DIRECTIONS FOR THIS TASK:
Output everything in the data exactly, leaving the pictures out.

DATASET EXTRACT Start Marker

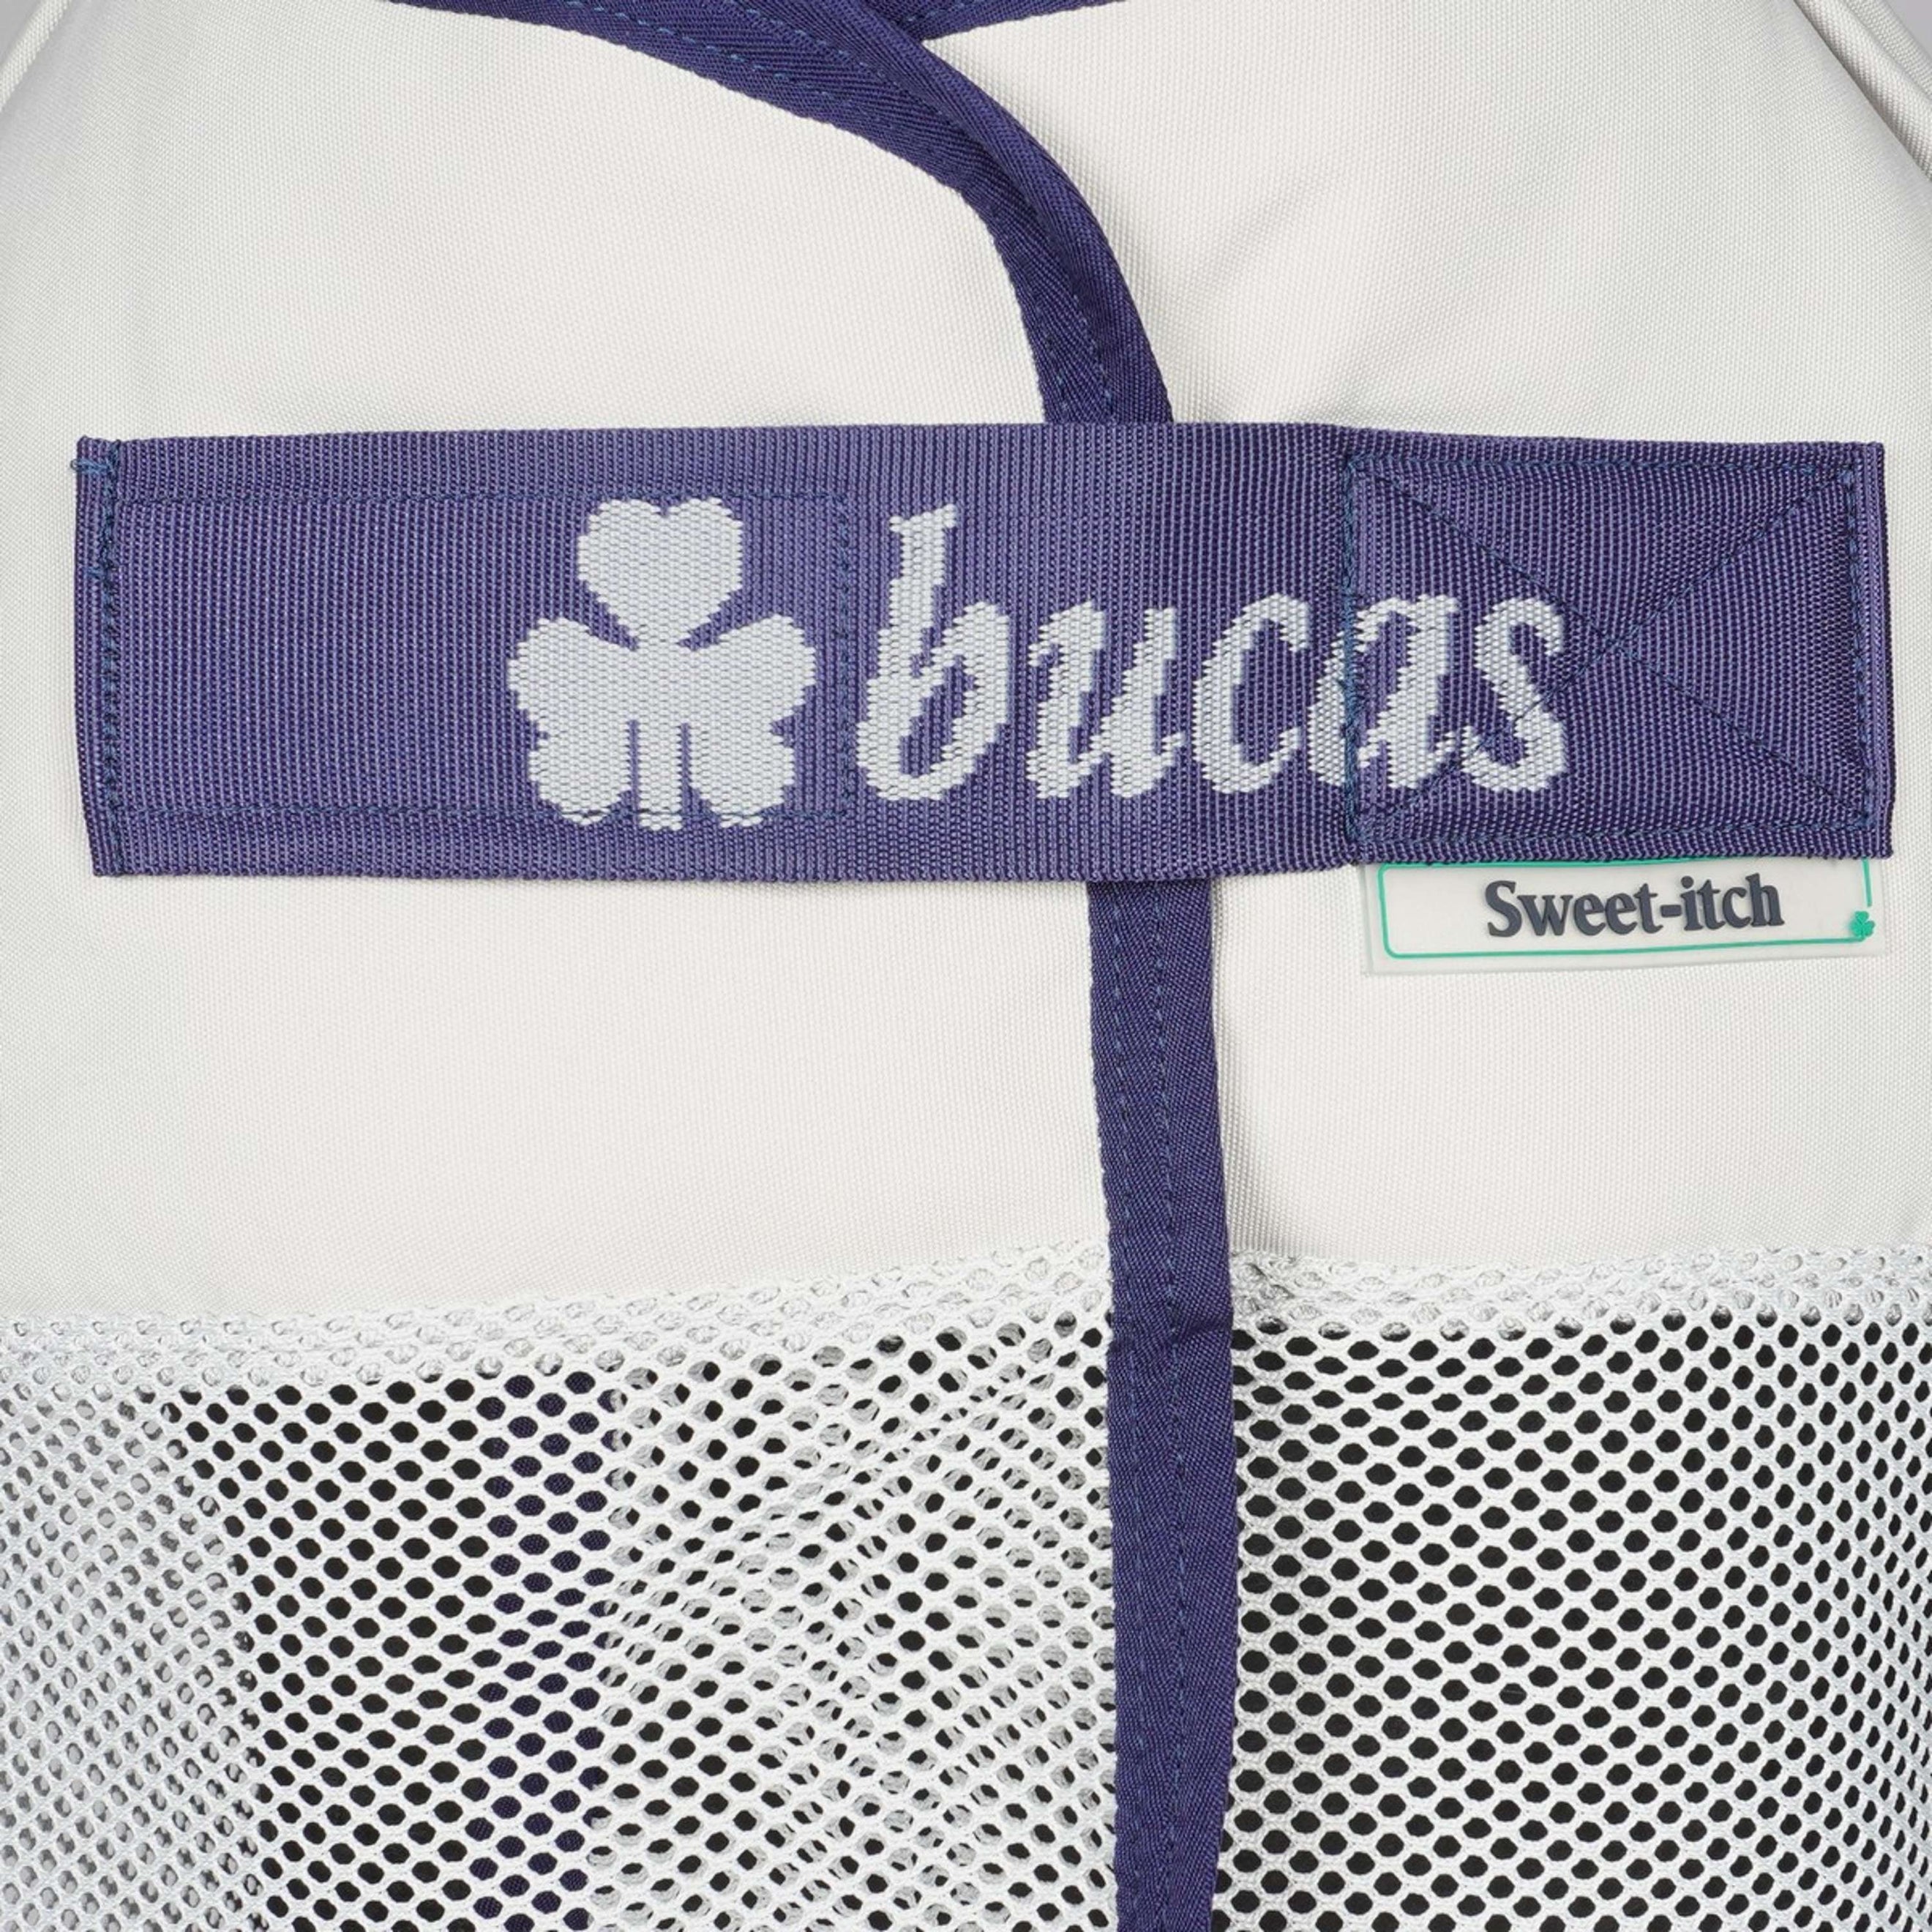 Bucas Couverture Anti-Eczema Sweet-Itch X Argent
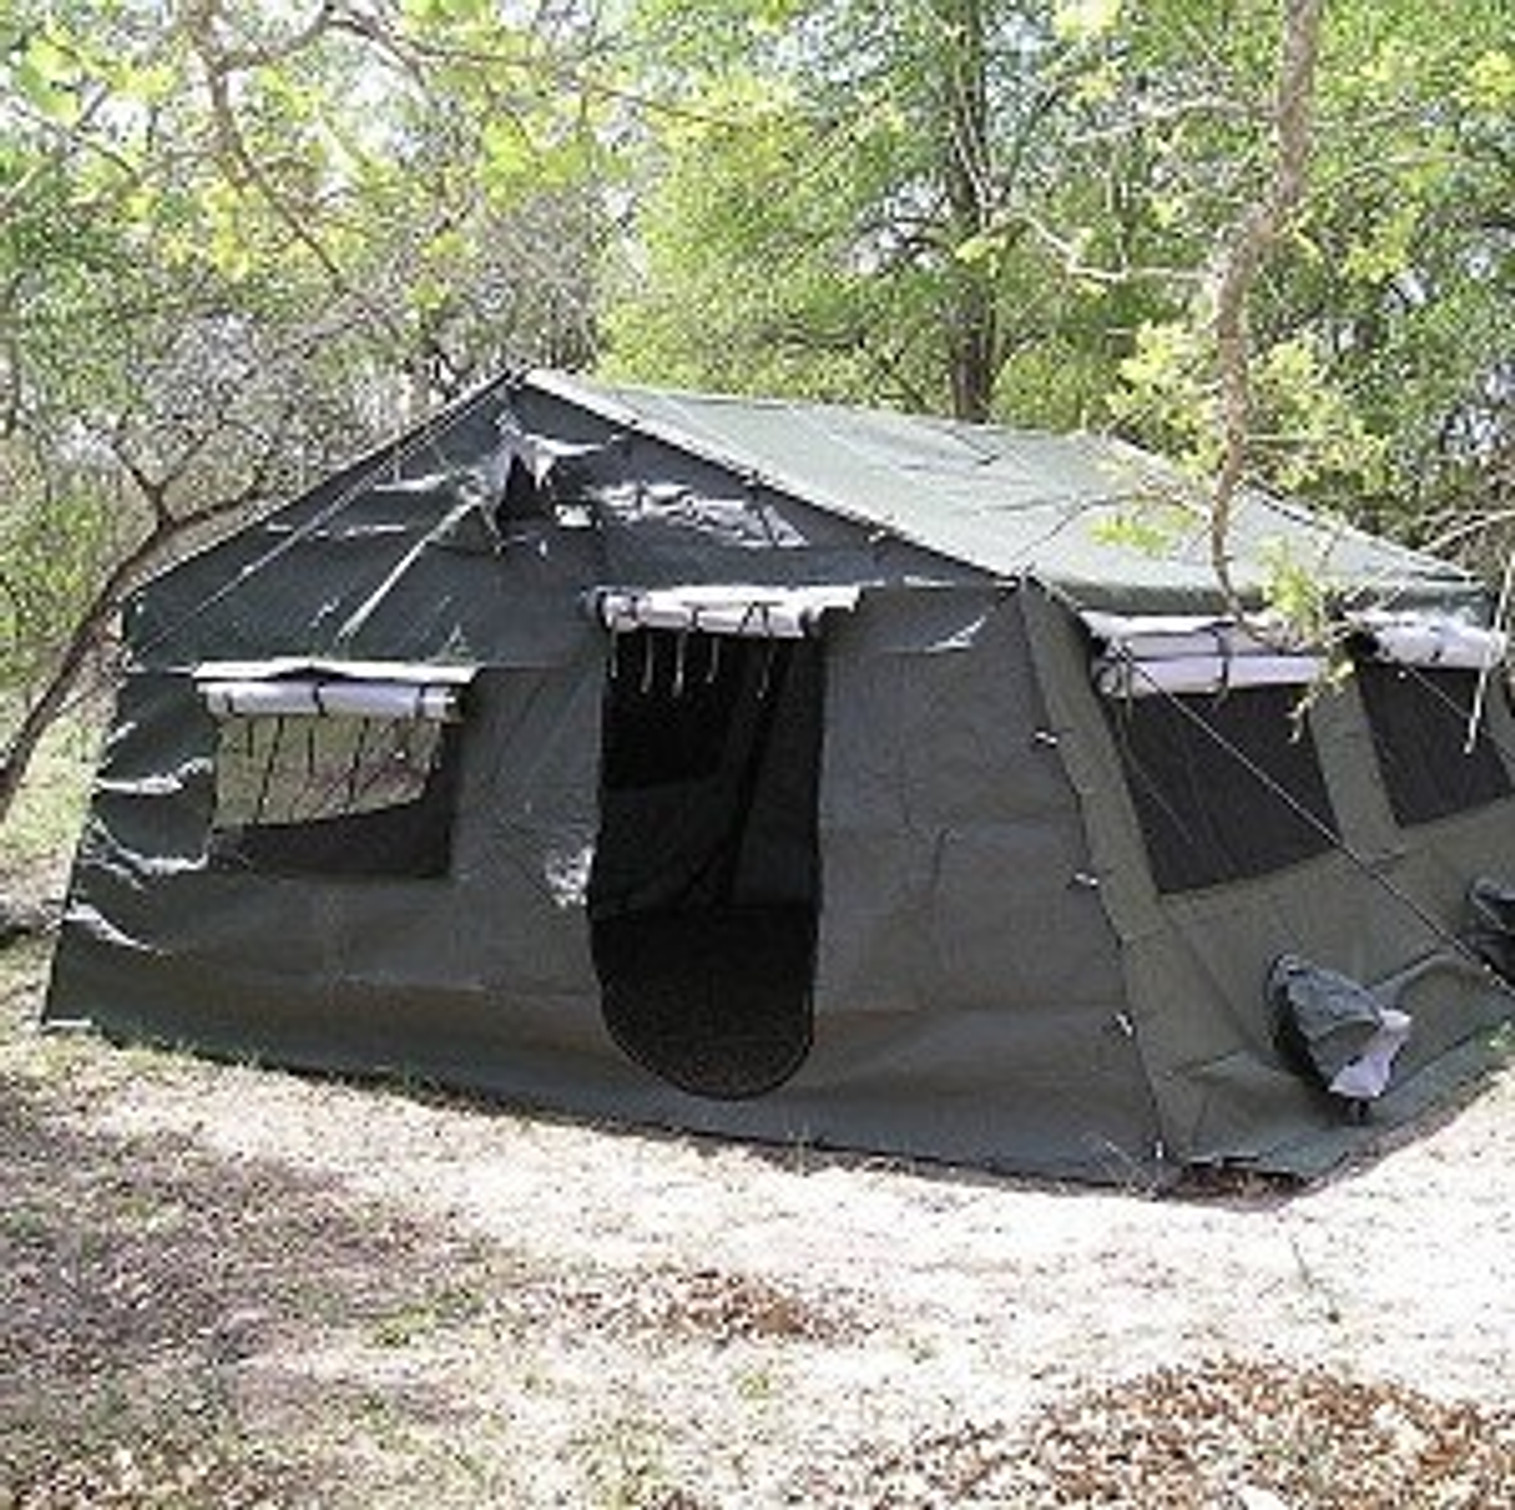 GP Expandable Frame Type Tent - U.S. Armed Forces  16'x16'
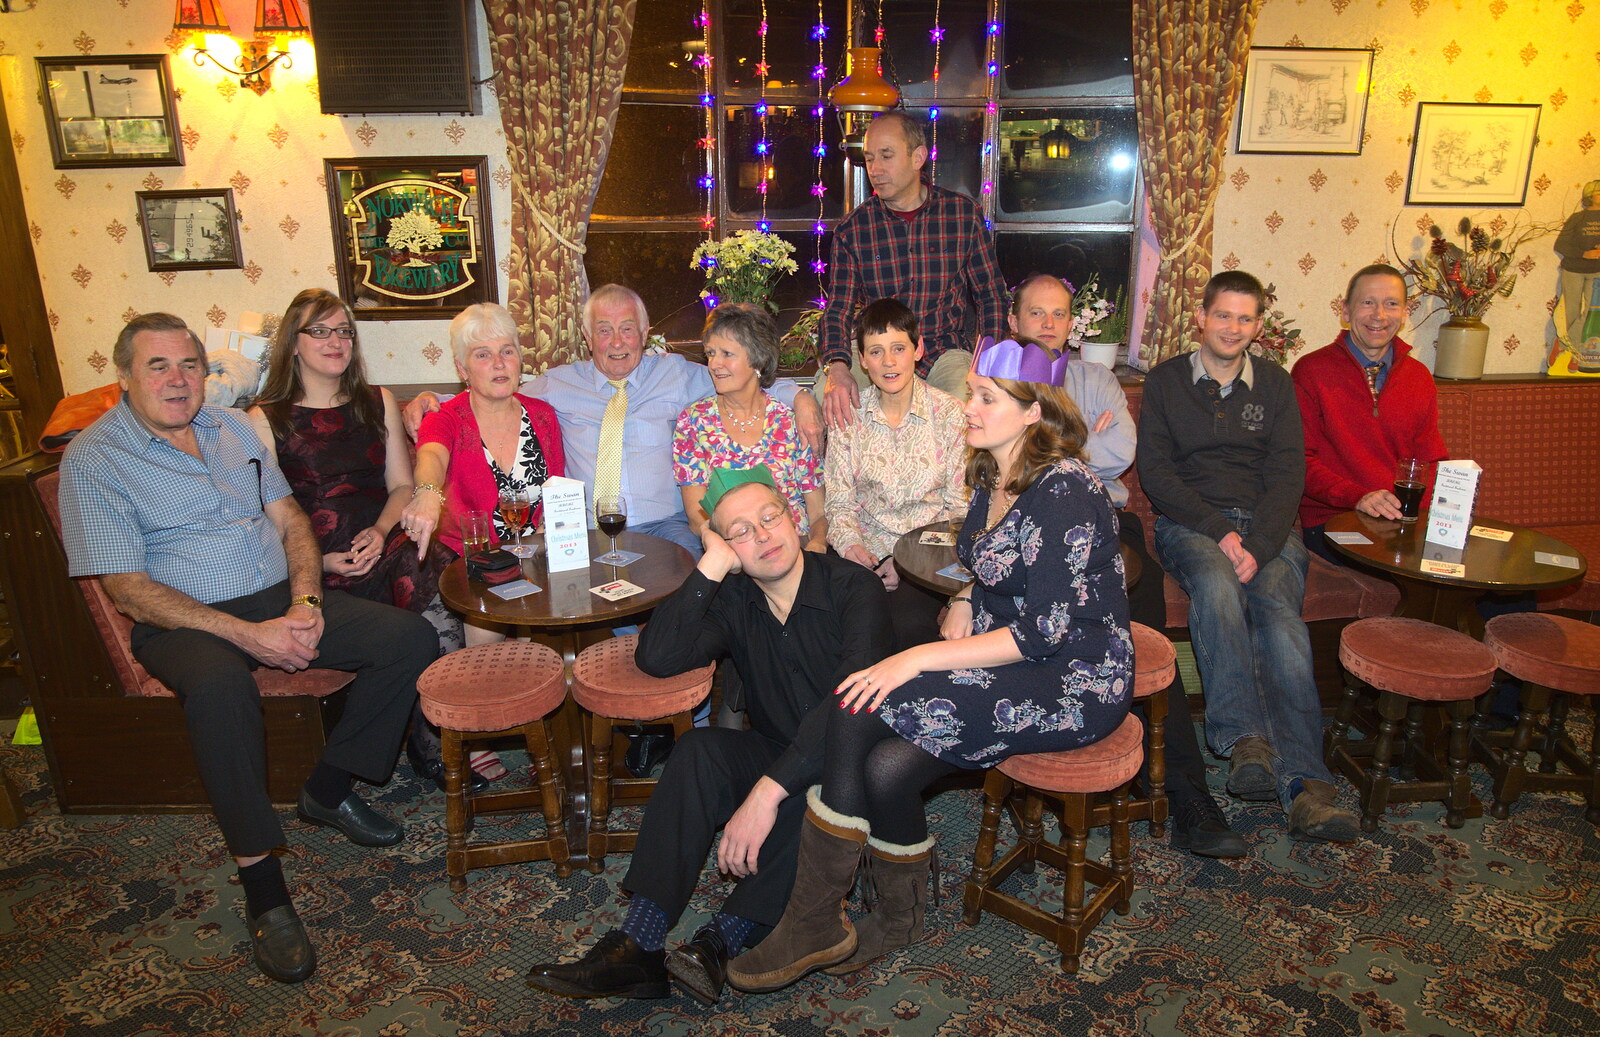 A group photo from The BSCC Christmas Dinner, Brome, Suffolk - 7th December 2013

DATASET EXTRACT End Marker

EXERCISE RESULT:
 Bucas Couverture Anti-Eczema Sweet-Itch X Argent
 GP Expandable Frame Type Tent - U.S. Armed Forces  16'x16'
 A group photo from The BSCC Christmas Dinner, Brome, Suffolk - 7th December 2013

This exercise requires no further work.